EXERCISE BRIEF: Please copy the data below exactly; none of the pictures in it belong in the copy.

EXERCISE DATA:
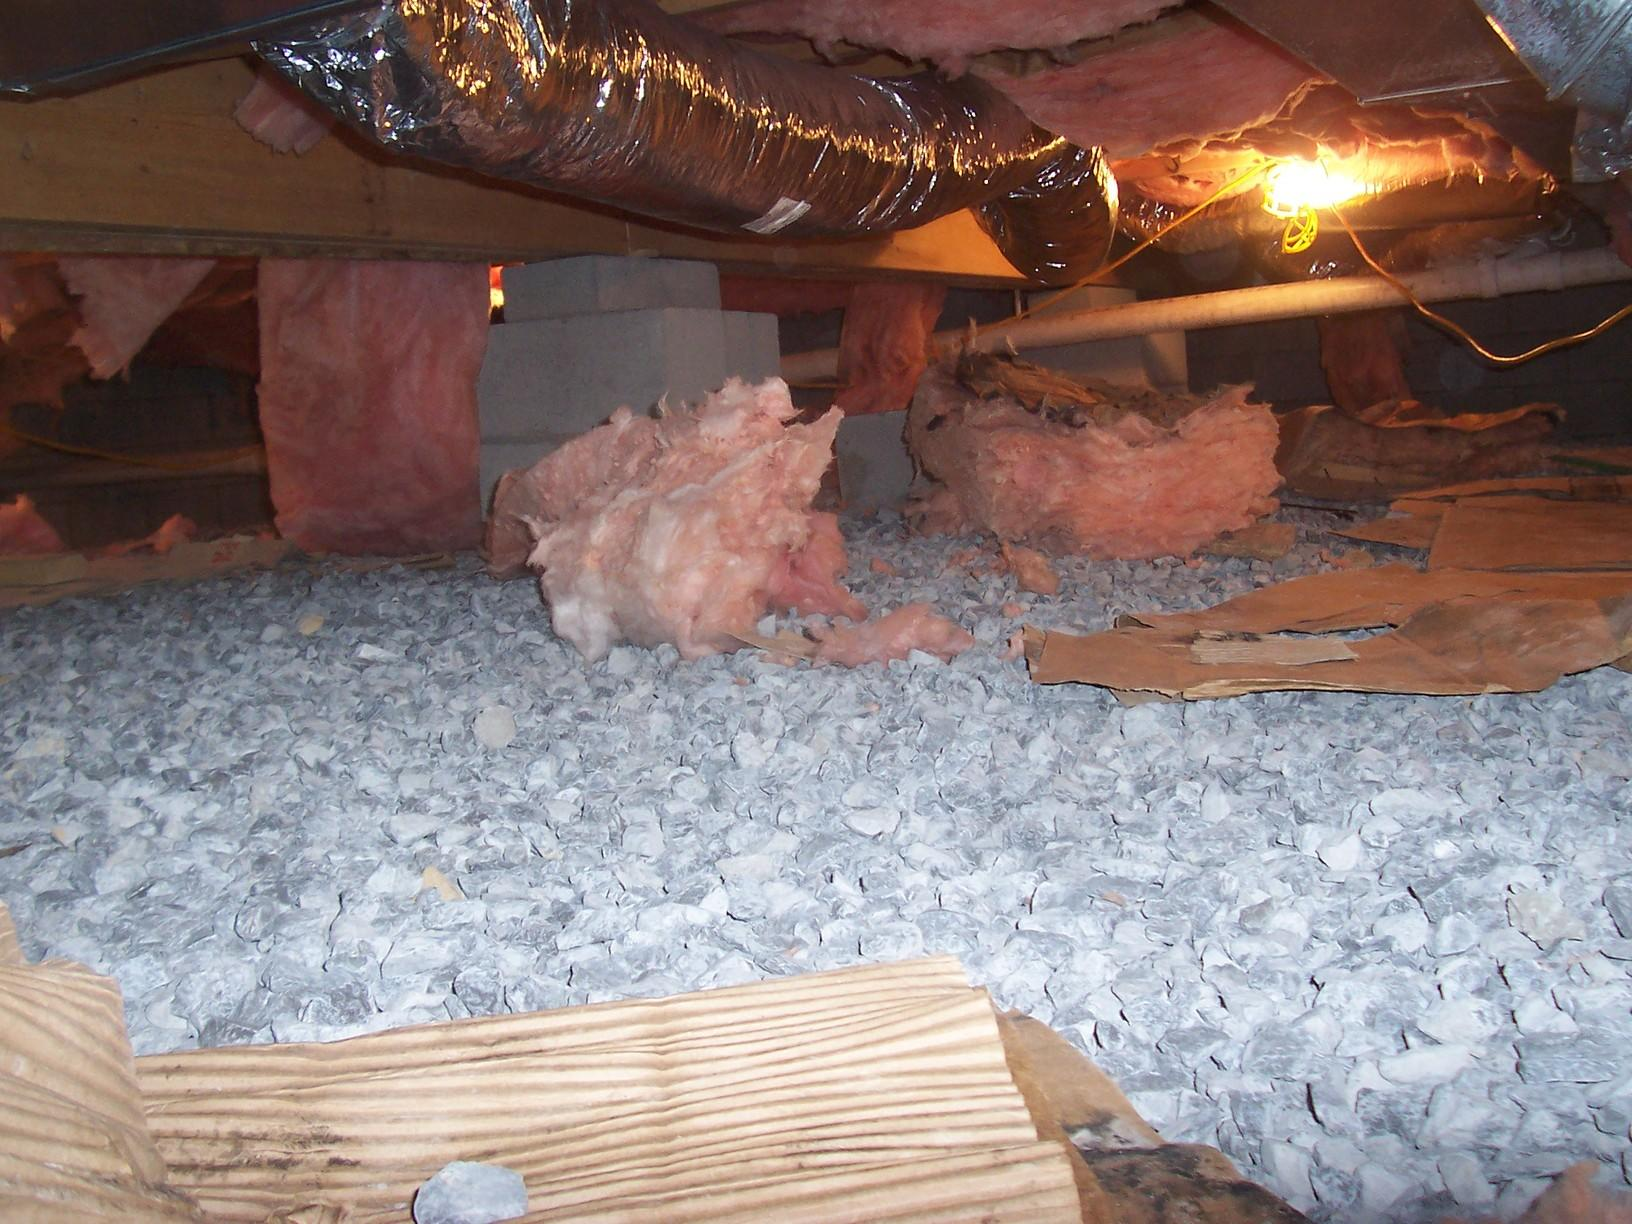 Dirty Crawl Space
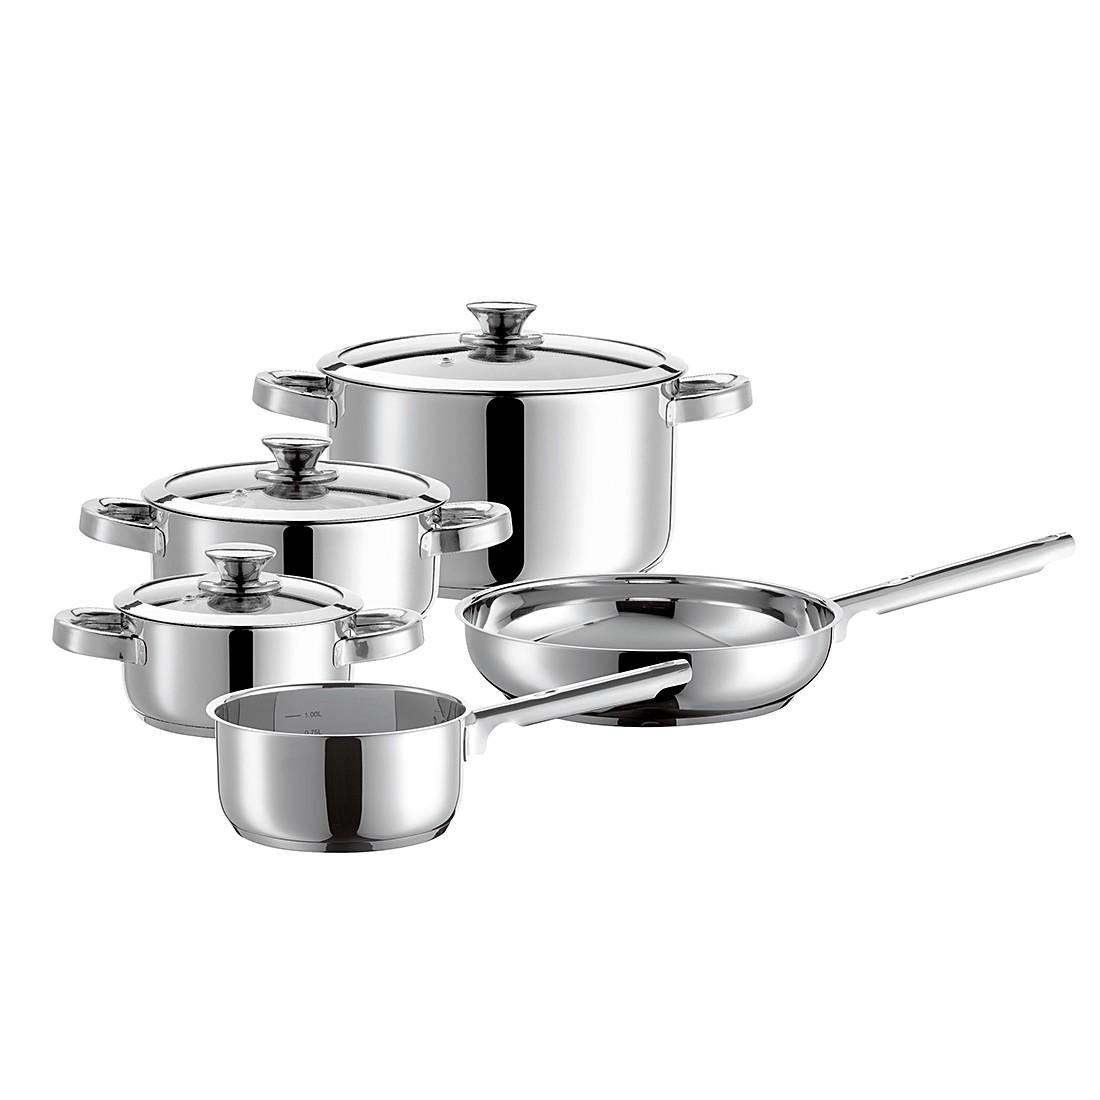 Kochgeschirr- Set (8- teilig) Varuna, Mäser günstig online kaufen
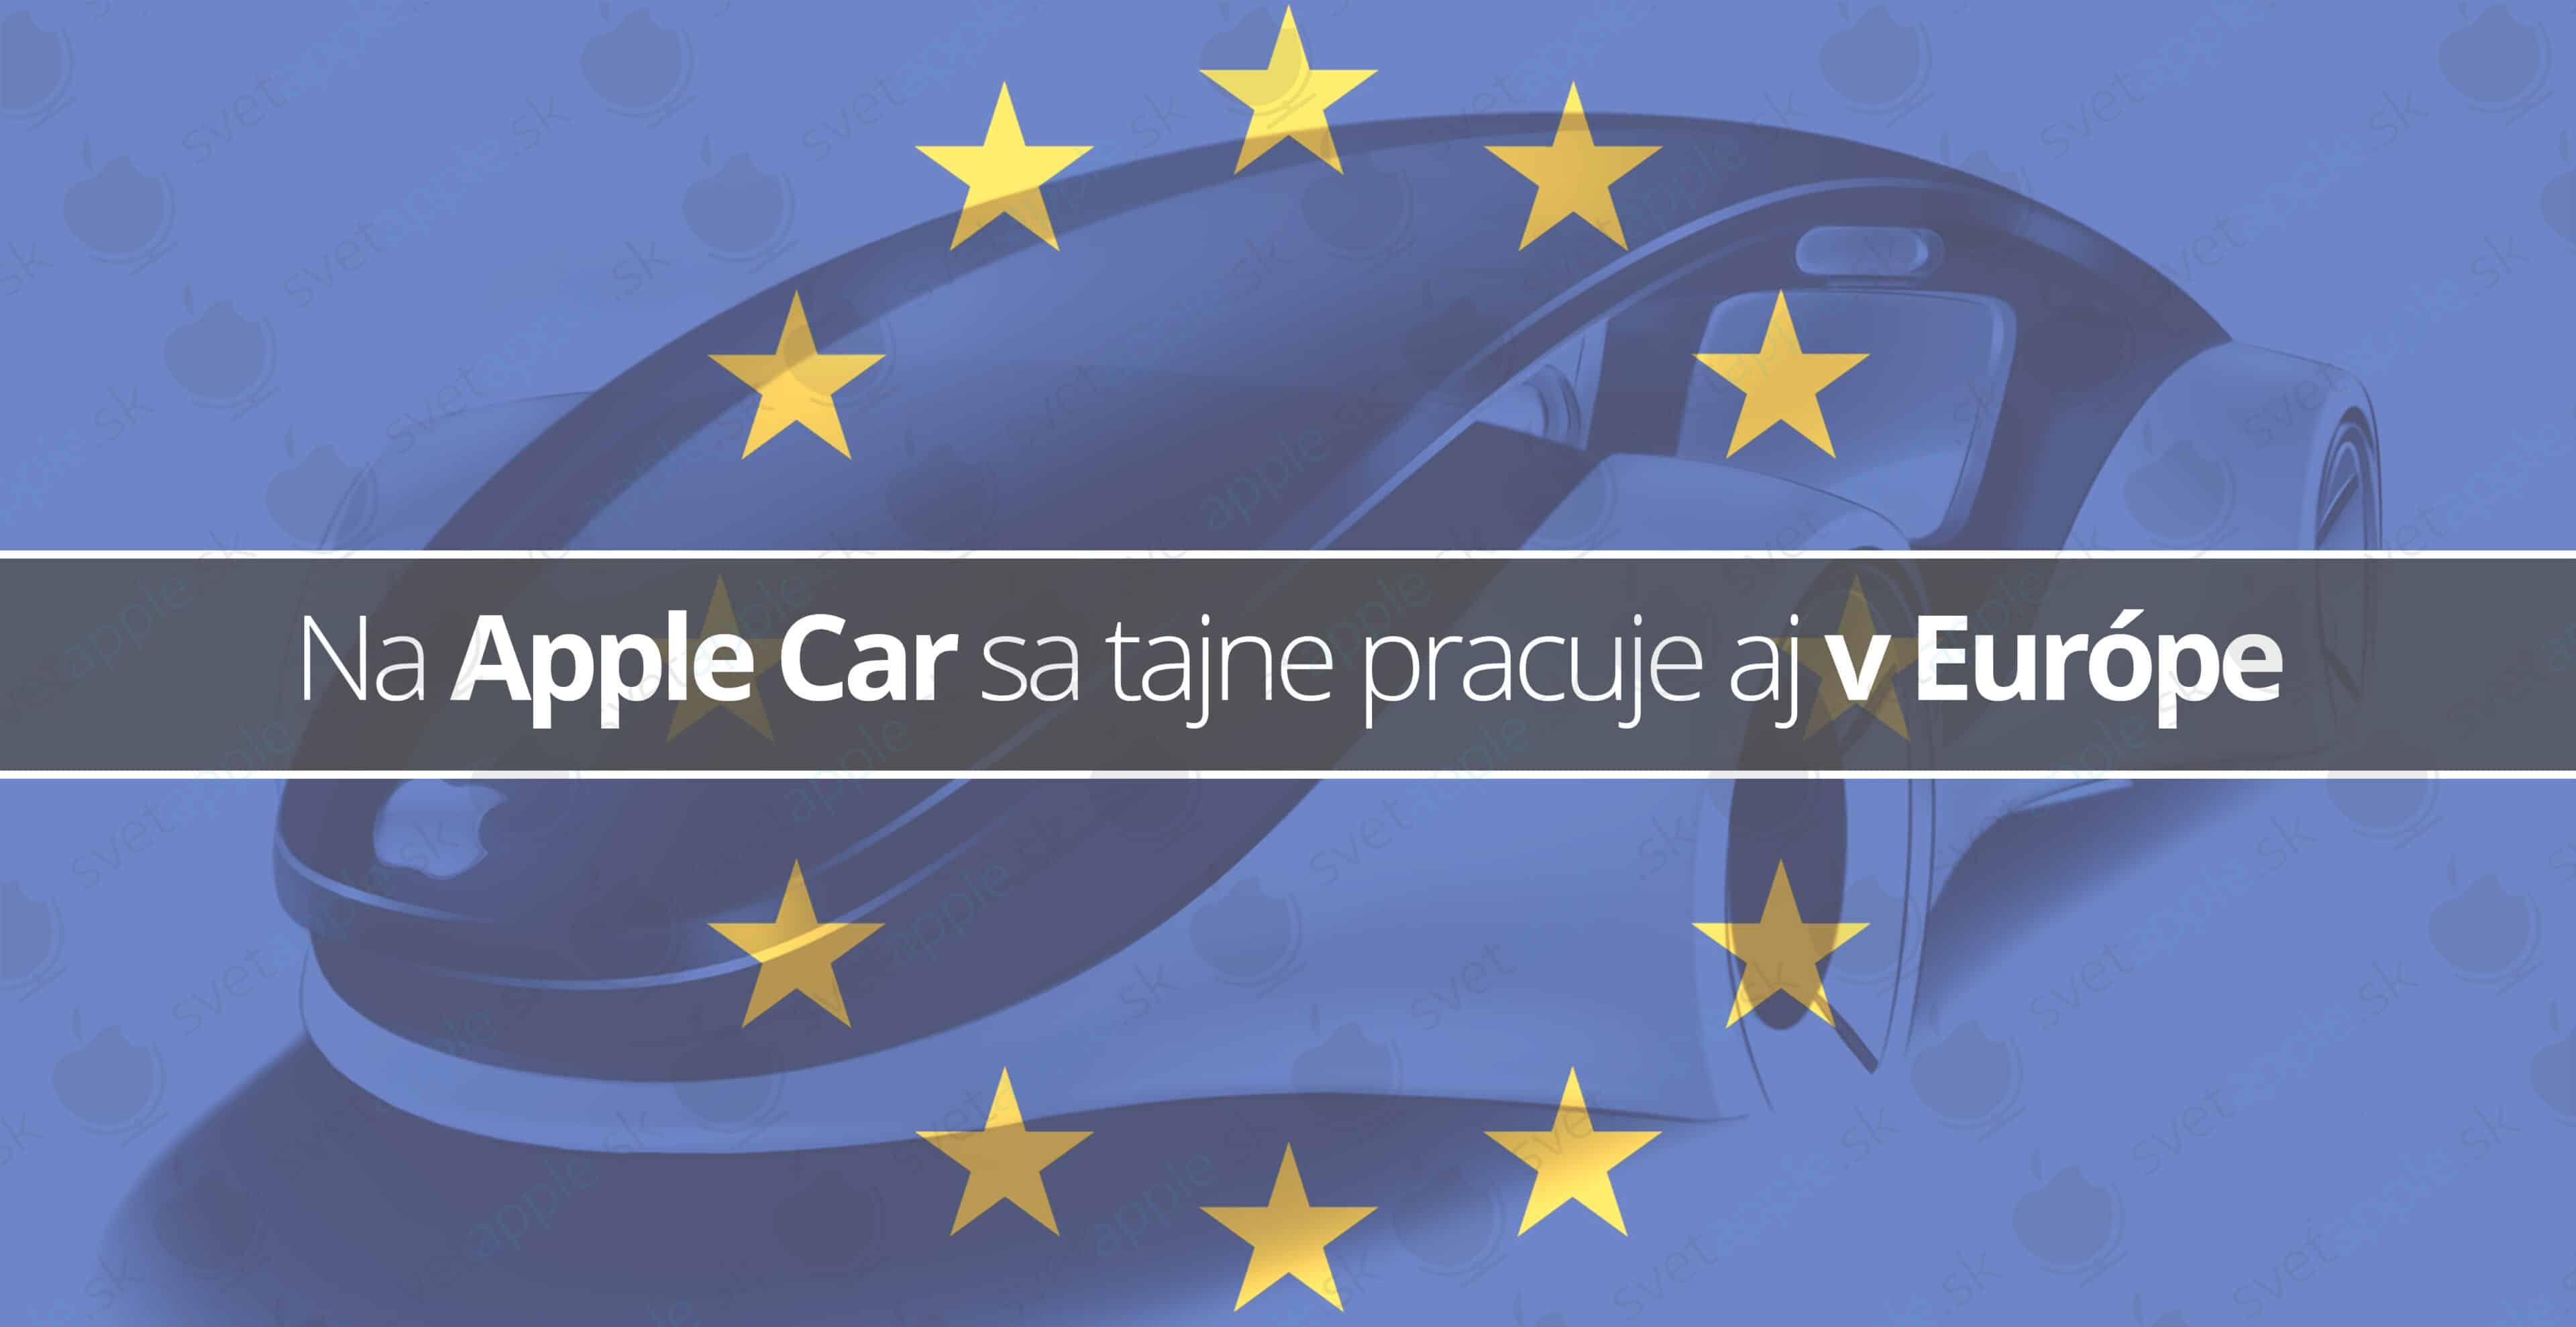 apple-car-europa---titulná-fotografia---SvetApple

OUTPUT OF THE TASK:
 Dirty Crawl Space
 Kochgeschirr- Set (8- teilig) Varuna, Mäser günstig online kaufen
 apple-car-europa---titulná-fotografia---SvetApple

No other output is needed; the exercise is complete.